Academia Brasileira e Ciências

— Reunião Magna da ABC, 06 de outubro de 2021 —

Eduardo Viveiros de Castro

Agradeço aos organizadores desta cerimônia a honra que me foi concedida de saudar Davi Kopenawa
como novo membro colaborador da Academia Brasileira de Ciências, para a qual não é menor motivo
de honra e de alegria recebê-lo, a este pensador e ativista já distinguido com o prêmio Global 500 das
Nações Unidas, a Ordem de Rio Branco, a Ordem do Mérito Cultural do Brasil e o Right Livelihood
Award.   

Vejo essa recepção como um gesto de reconhecimento, no duplo sentido da palavra. Em


primeiro lugar, como um agradecimento: a ABC é reconhecida a Davi Kopenawa por seu trabalho
infatigável para dar a conhecer, aos demais habitantes do país e além, a vida tal como vivida e
pensada pelos povos indígenas, vida marcada por uma profunda e consciente interdependência,
material e espiritual, com a vida de inumeráveis outras espécies. Em outras palavras, uma vida
constituída por sua pertença imanente à t/Terra — as duas, a terra com t minúsculo e a Terra com T
maiúsculo. Terras, ambas, que hoje parecem nos fugir sob os pés, enquanto alguns correm para se
apropriar do que dela ainda resta para ser devorado, e outros, no fundo os mesmos, se preparam para
fugir dela em direção ao céu — mas o céu ameaça desabar sobre a cabeça de todos.

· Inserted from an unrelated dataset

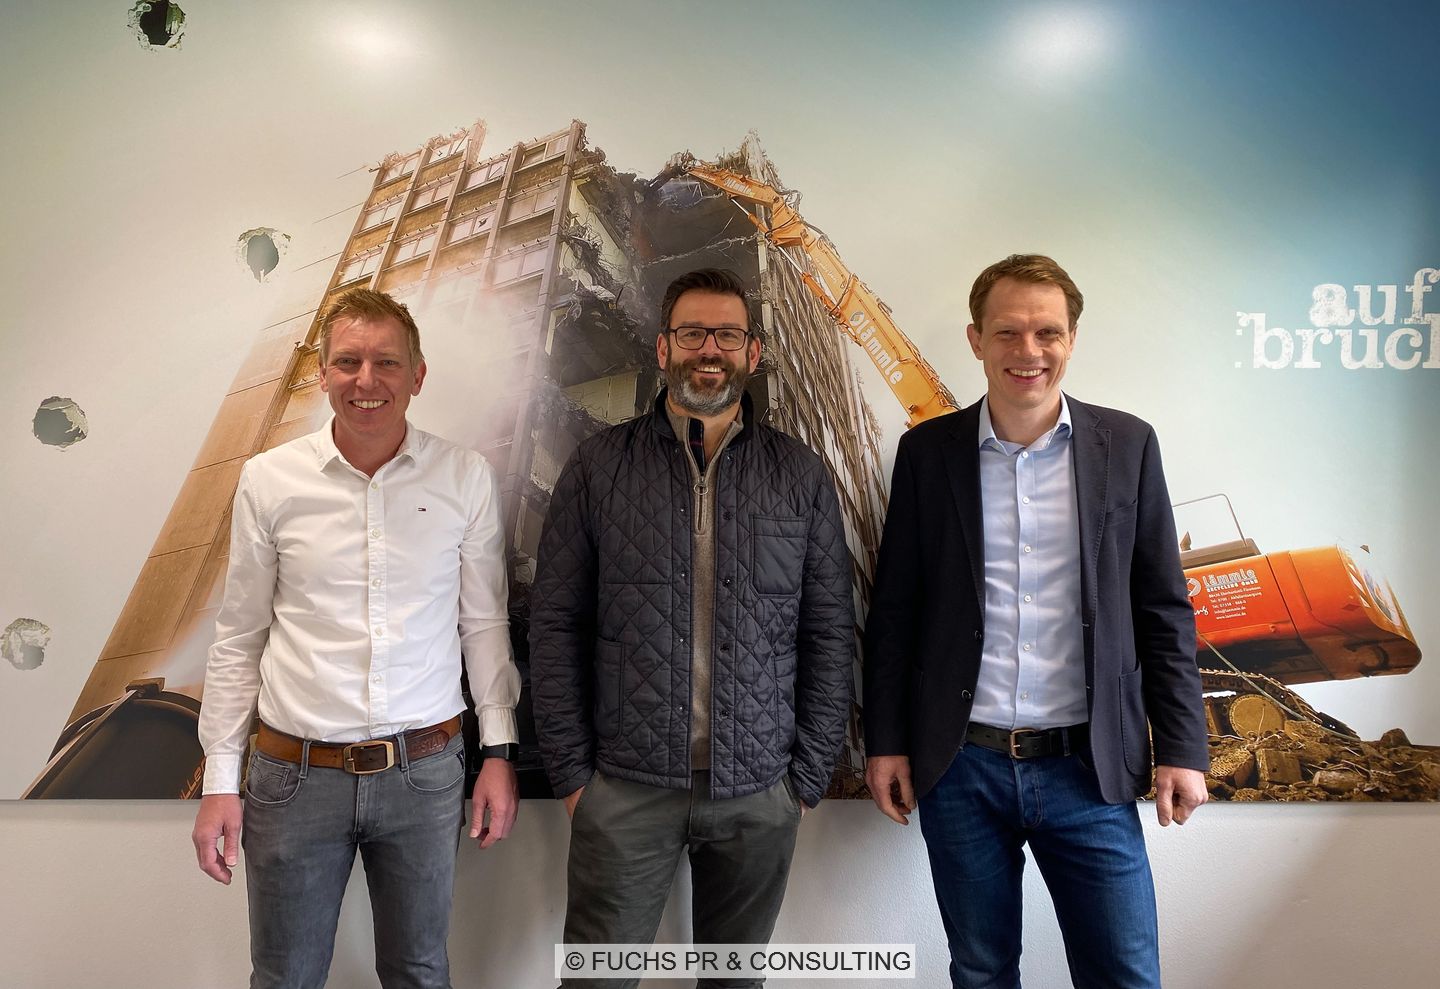 Zu sehen sind: Tobias Kuhn (KS Engineering GmbH), Stefan Lämmle (Lämmle Recycling GmbH) und Cassian Gruber (Geiger Unternehmensgruppe) vor einem Plakat eines abgebrochenen Gebäudes.
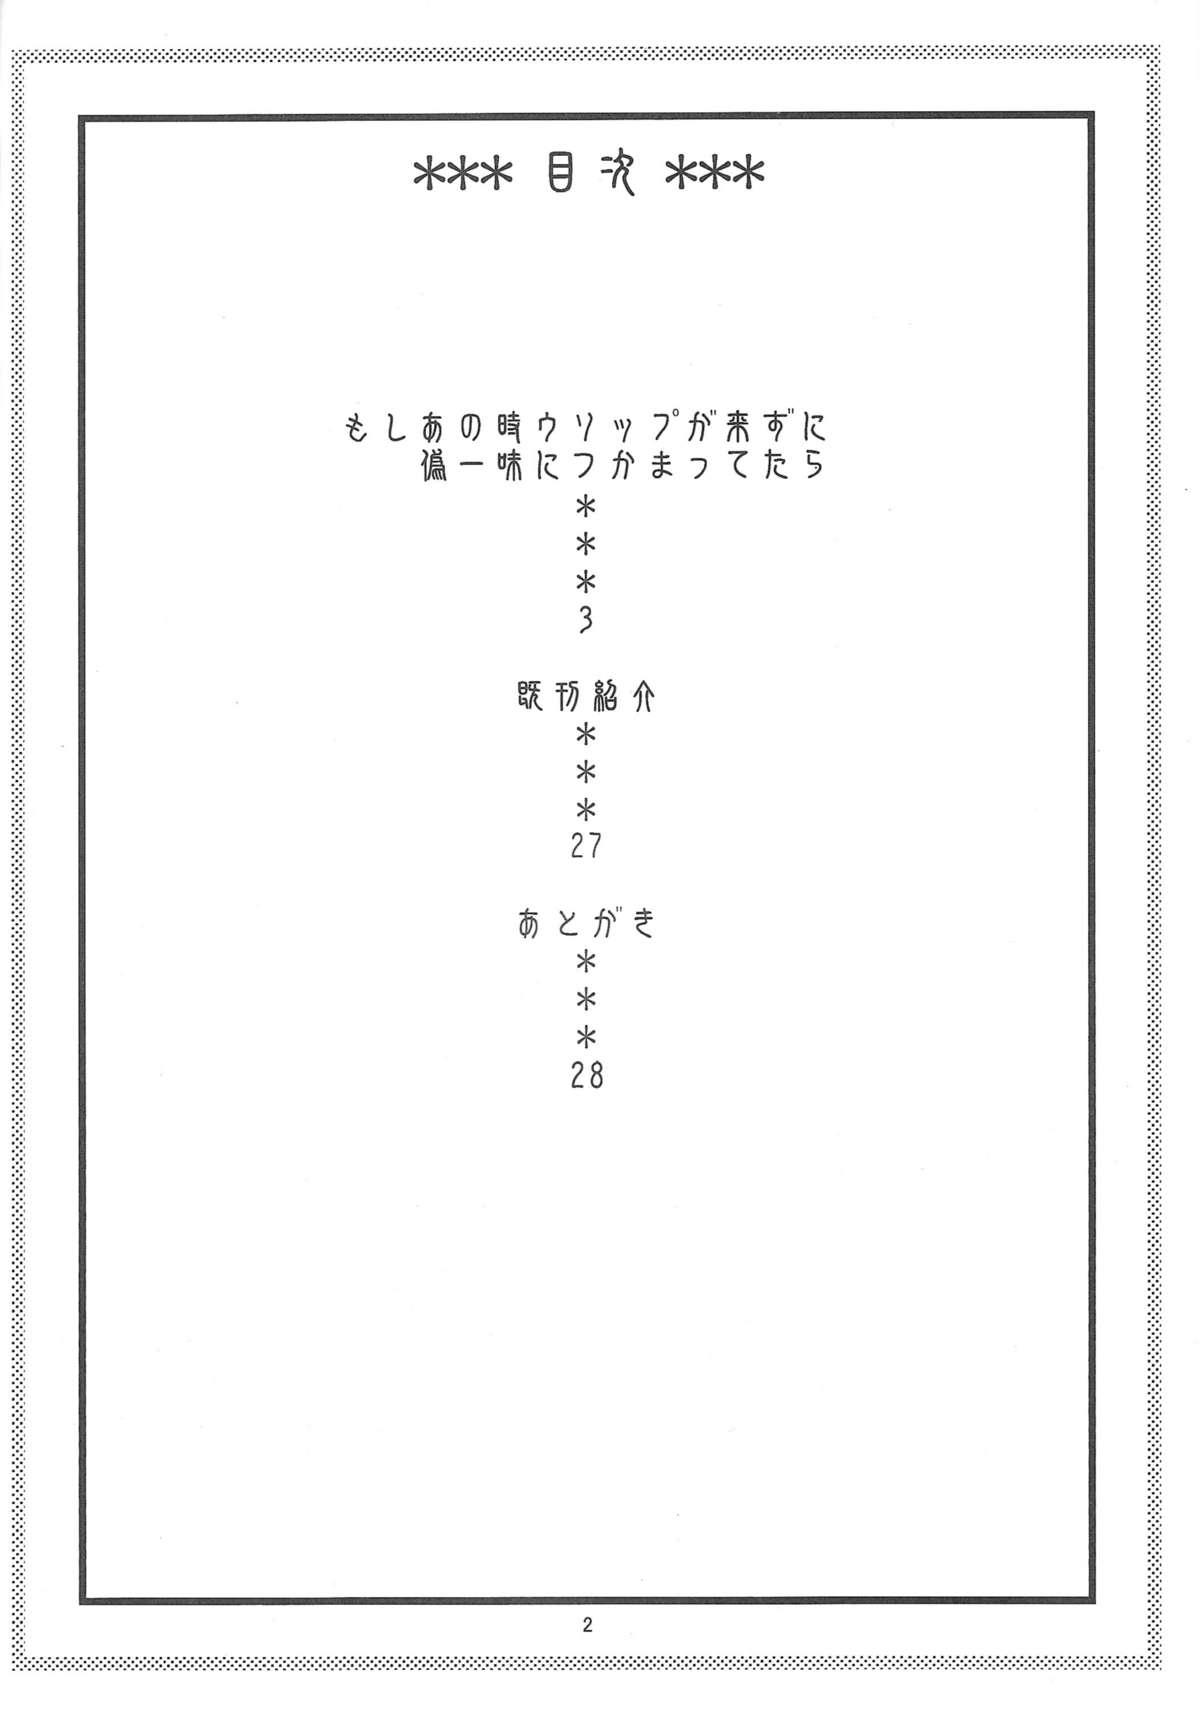 Infiel Nami no Ura Koukai Nisshi 6 - One piece Rabuda - Page 3

Em segundo lugar, vejo a eleição de Kopenawa para esta Academia (de ciências de não “da
Ciência”) como um reconhecimento no sentido de ser uma constatação formal do valor dos
conhecimentos ou saberes indígenas, bem como da sabedoria que envolve esses saberes, sabedoria
que se mostra cada vez mais relevante à medida em que aumenta nossa consciência da catástrofe
ambiental, econômica, política e cultural desencadeada pela forma de vida humana hoje hegemônica
no planeta. Distingo aqui “sabedoria” de conhecimento empírico ou saber sobre as coisas do mundo,
pois ela é, em certo sentido, algo maior — a sabedoria é um saber sobre os usos e as consequências
dos usos do conhecimento: consequências diretas como indiretas, imediatas como sistêmicas. Graças
em grande parte à sabedoria de pensadores como Kopenawa, nunca mais poderemos dizer que não
sabíamos; que não estávamos, justamente, cientes do que fazíamos.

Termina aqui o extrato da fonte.